Top of Recorded data
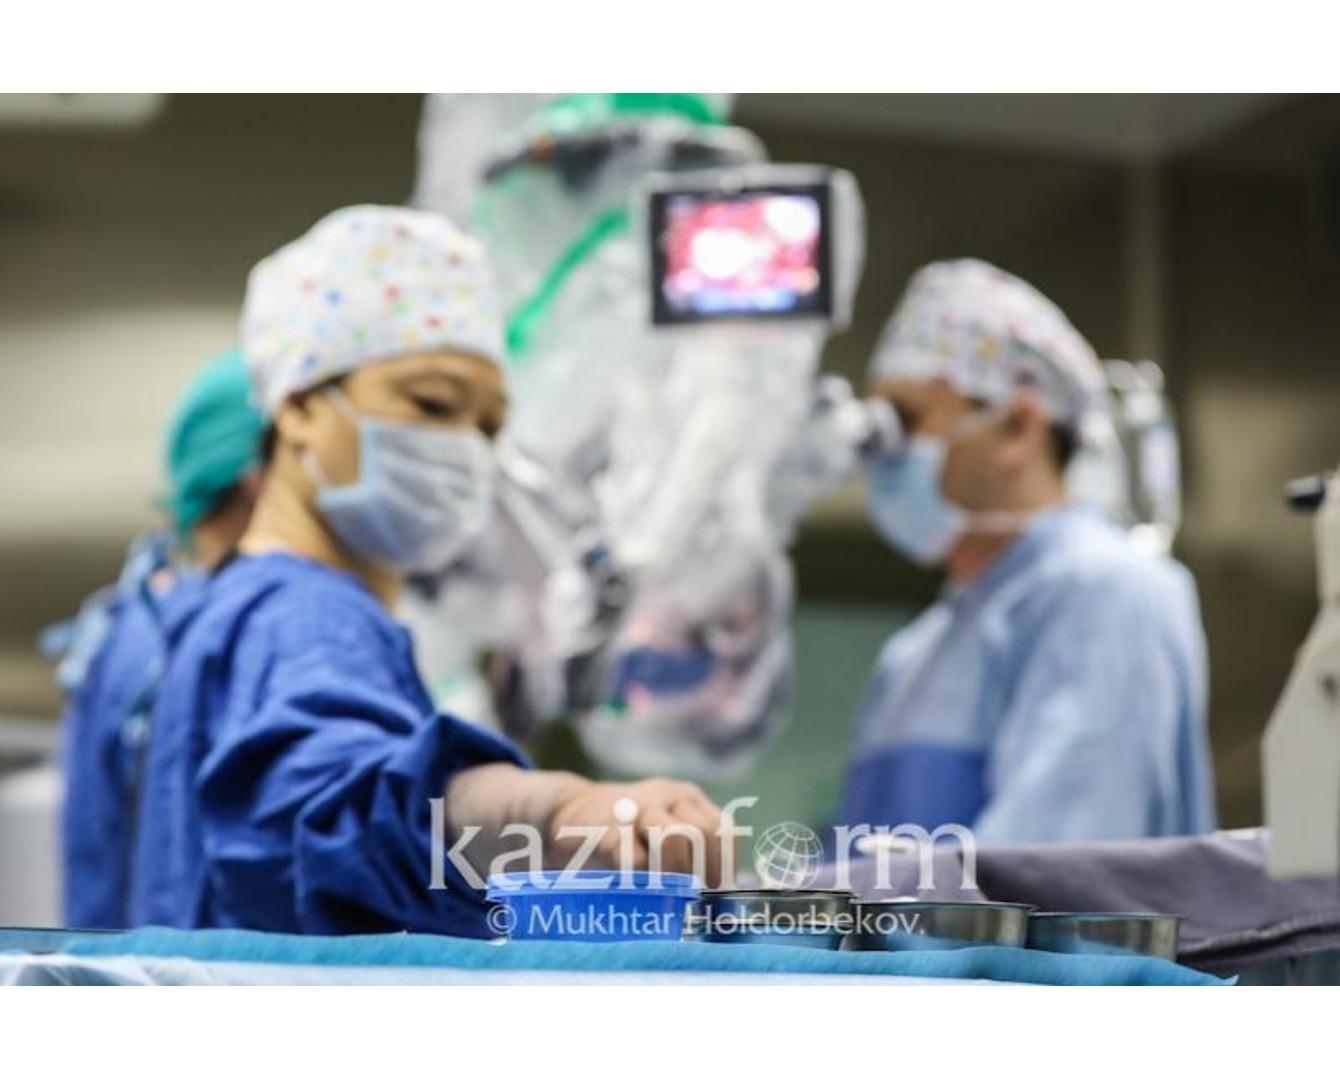 Институт Сызганова провел более 250 операций по трансплантации почек с 2012 года
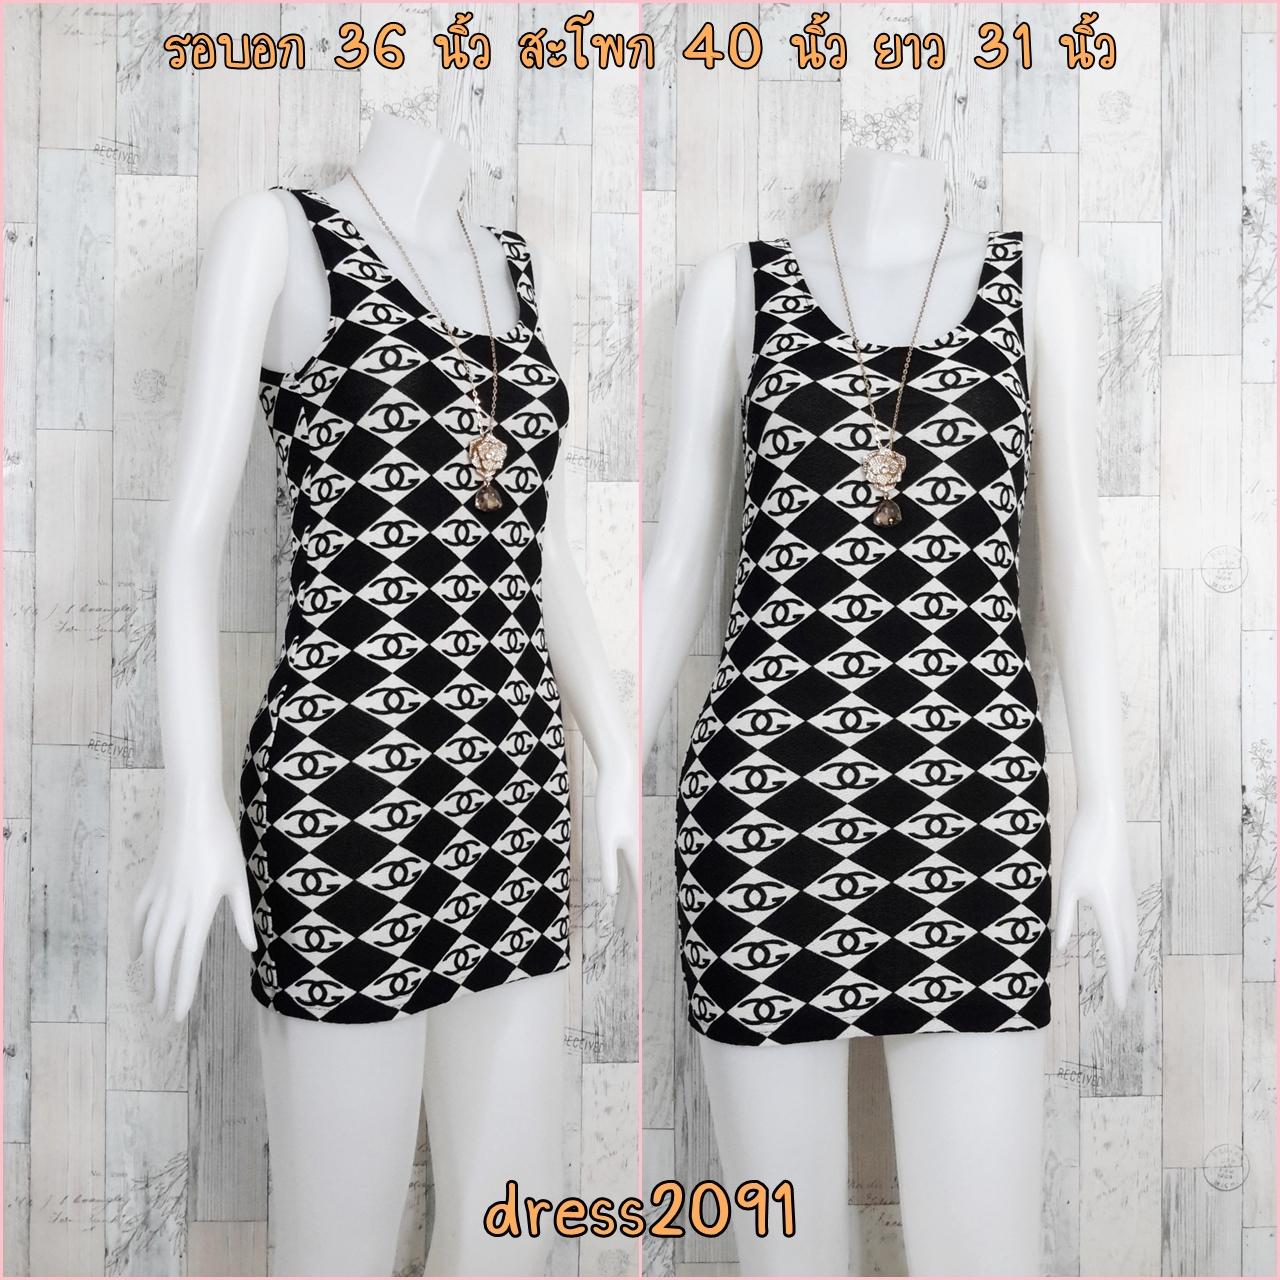 LOT SALE!! Dress2091 เดรสแฟชั่น ผ้าเนื้อดีหนาสวยยืดขยายได้เยอะ โทนสีขาวดำลายชาแนล
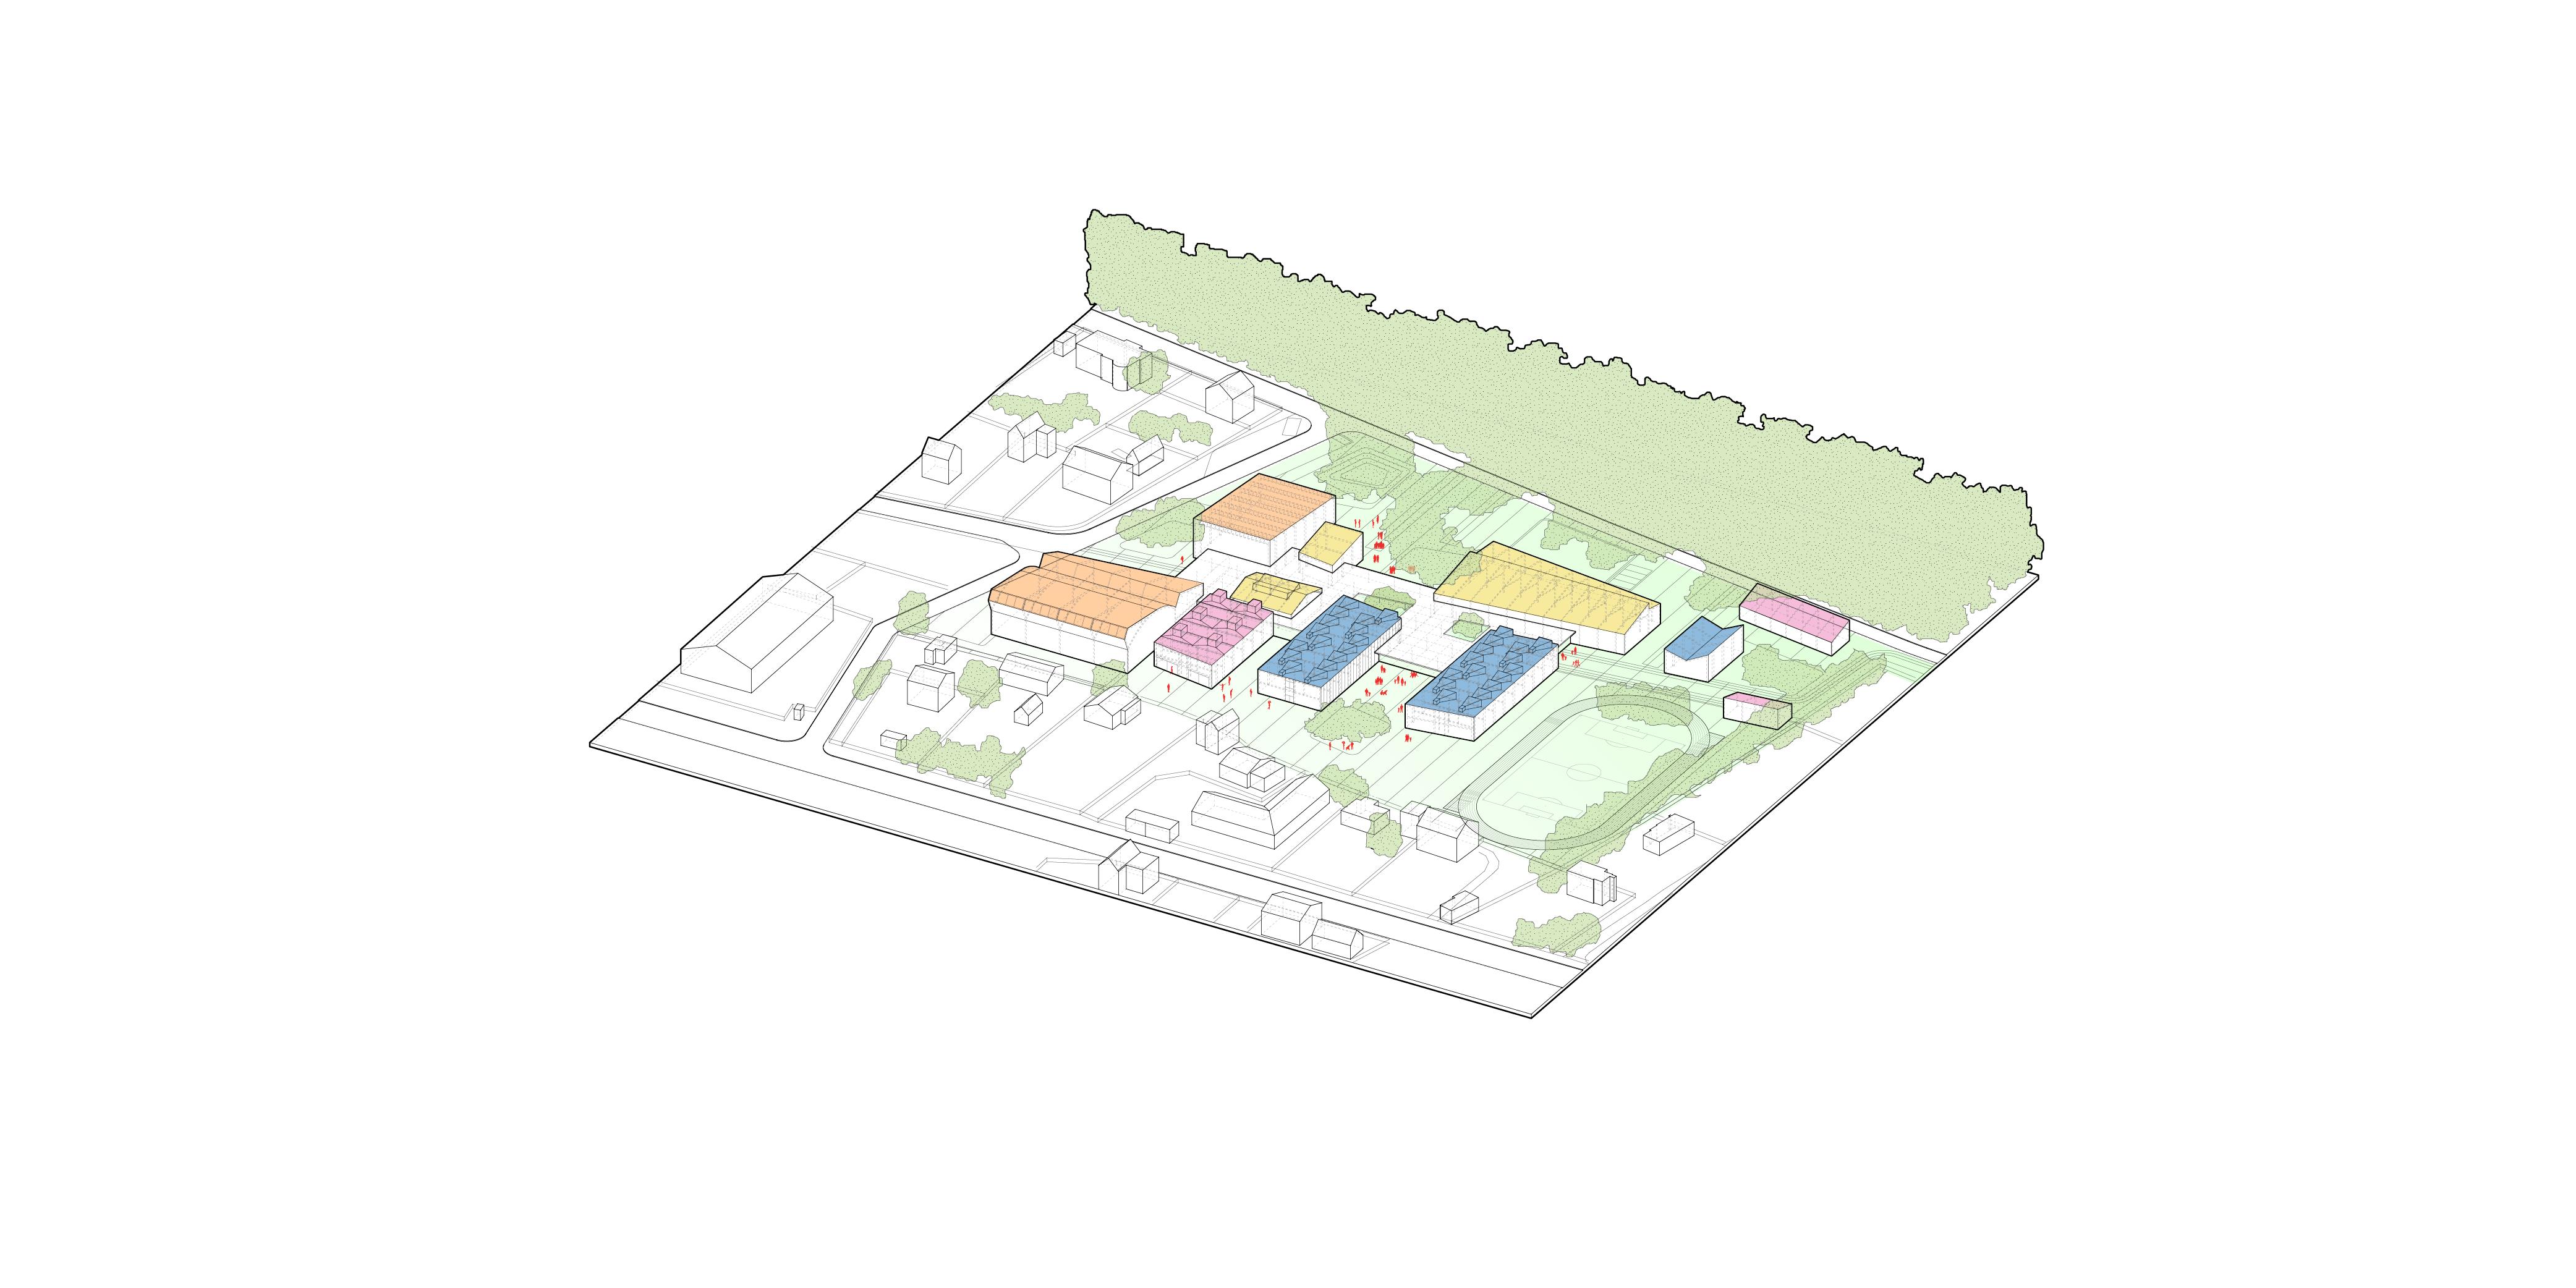 Volumetric diagram, Create roof top landscape
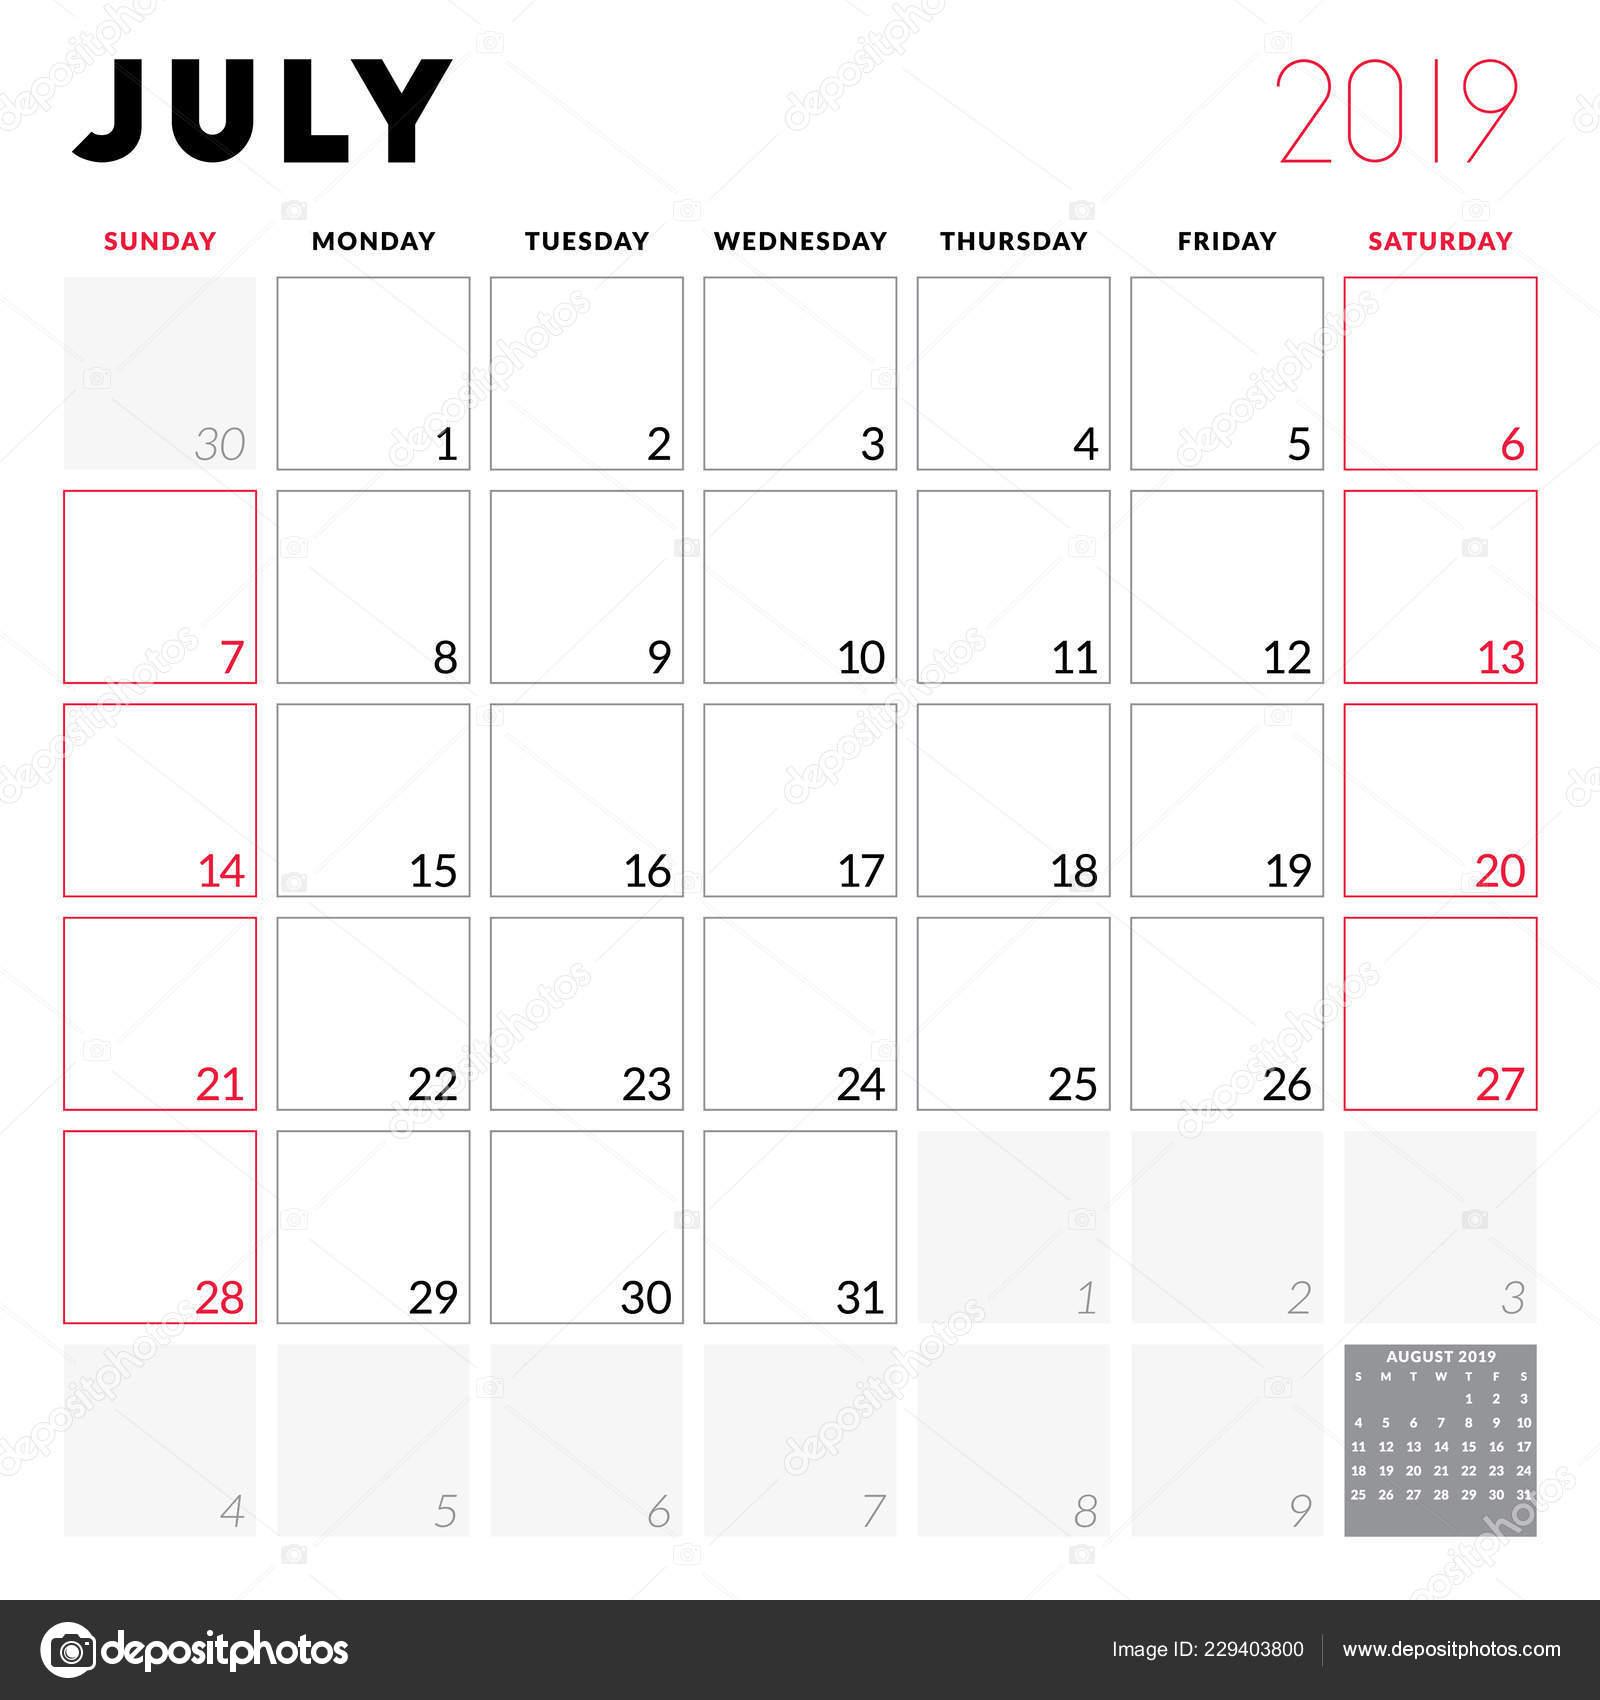 Calendario Julio 2019 Para Imprimir.Planificador Calendario Para Julio 2019 Semana Comienza
Bottom of Recorded data
> **Exercise directions**: Give the listing again exactly, minus its images.

> **Response**:
 Институт Сызганова провел более 250 операций по трансплантации почек с 2012 года
 LOT SALE!! Dress2091 เดรสแฟชั่น ผ้าเนื้อดีหนาสวยยืดขยายได้เยอะ โทนสีขาวดำลายชาแนล
 Volumetric diagram, Create roof top landscape
 Calendario Julio 2019 Para Imprimir.Planificador Calendario Para Julio 2019 Semana Comienza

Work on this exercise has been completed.